--- Extracted information ---
- - - -

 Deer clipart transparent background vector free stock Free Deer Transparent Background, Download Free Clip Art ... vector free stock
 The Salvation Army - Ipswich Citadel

- - - -

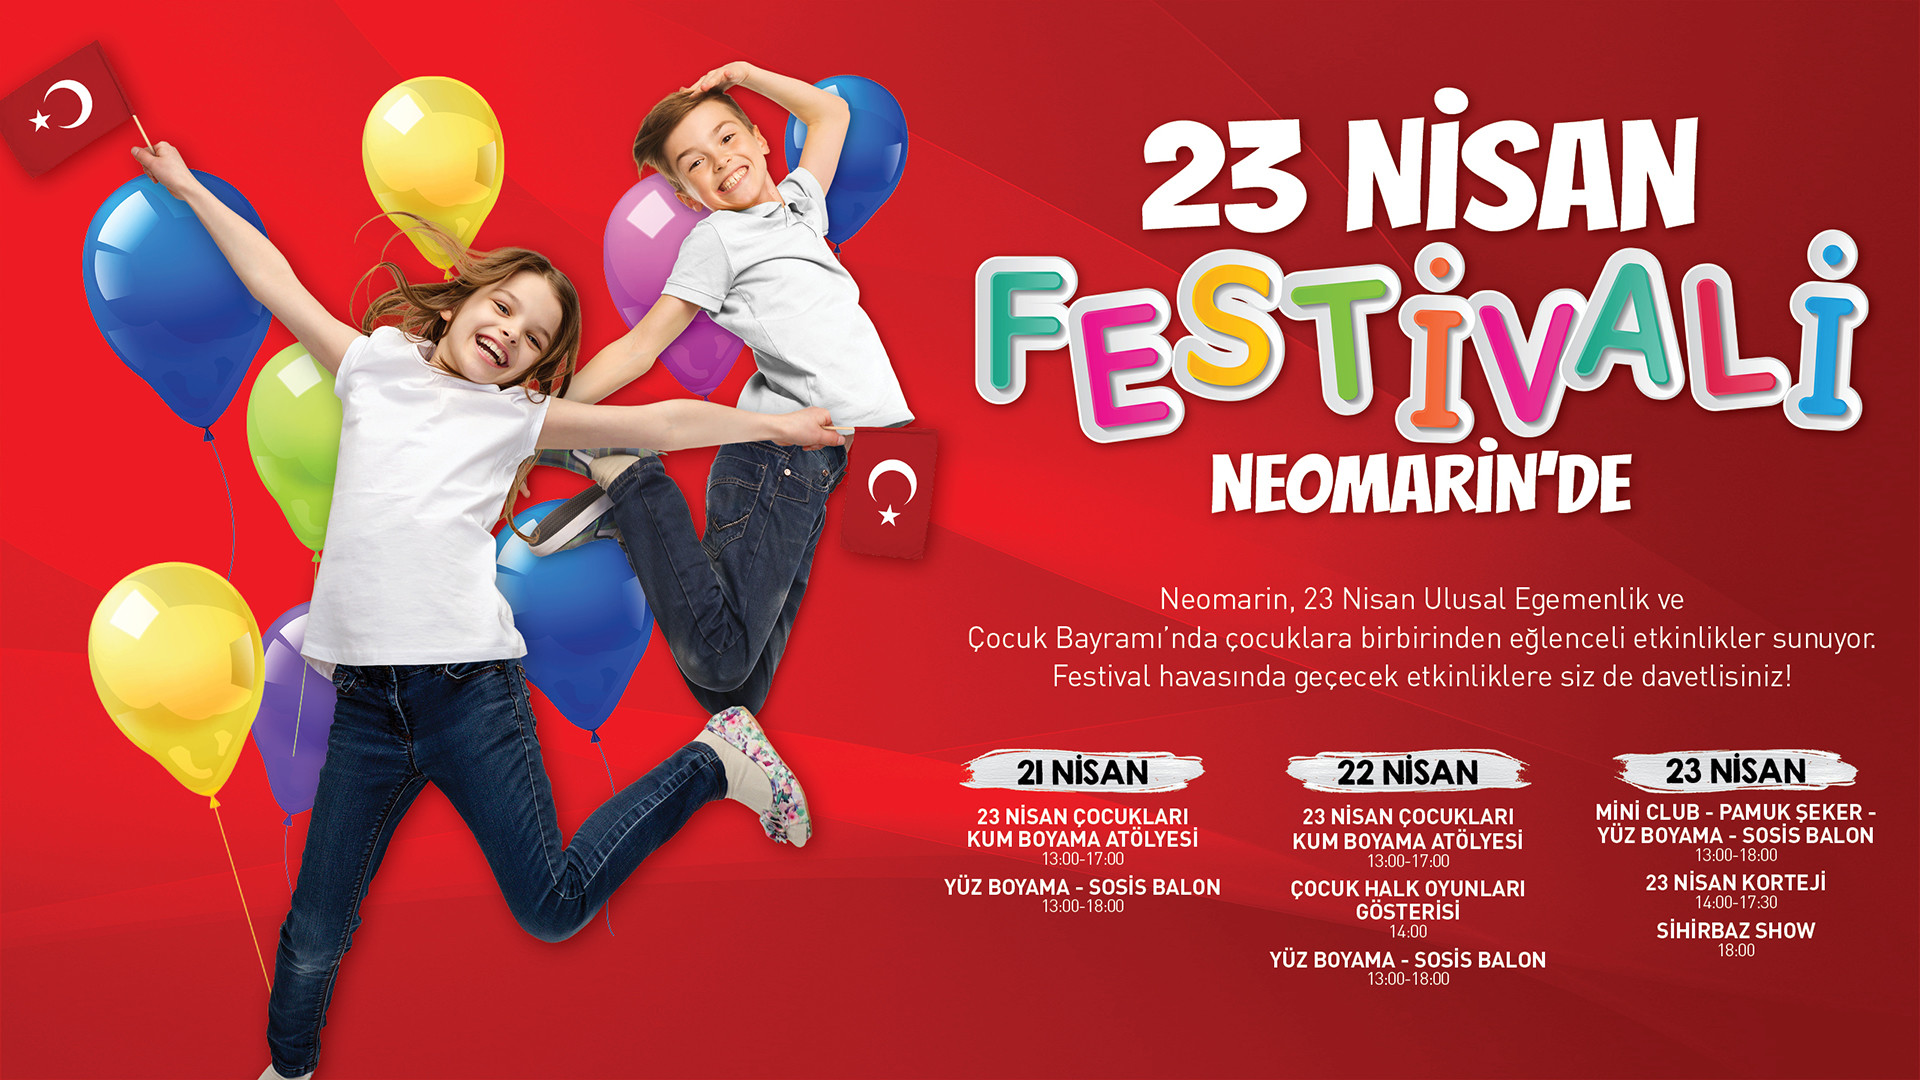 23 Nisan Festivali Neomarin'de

- - - -

--- Exercise ---
Above are the records; copy exactly the lines from the line with "Deer clipart transparent" through the line with "The Salvation Army - Ipswich Citadel", both included.

--- The answer ---
 Deer clipart transparent background vector free stock Free Deer Transparent Background, Download Free Clip Art ... vector free stock
 The Salvation Army - Ipswich Citadel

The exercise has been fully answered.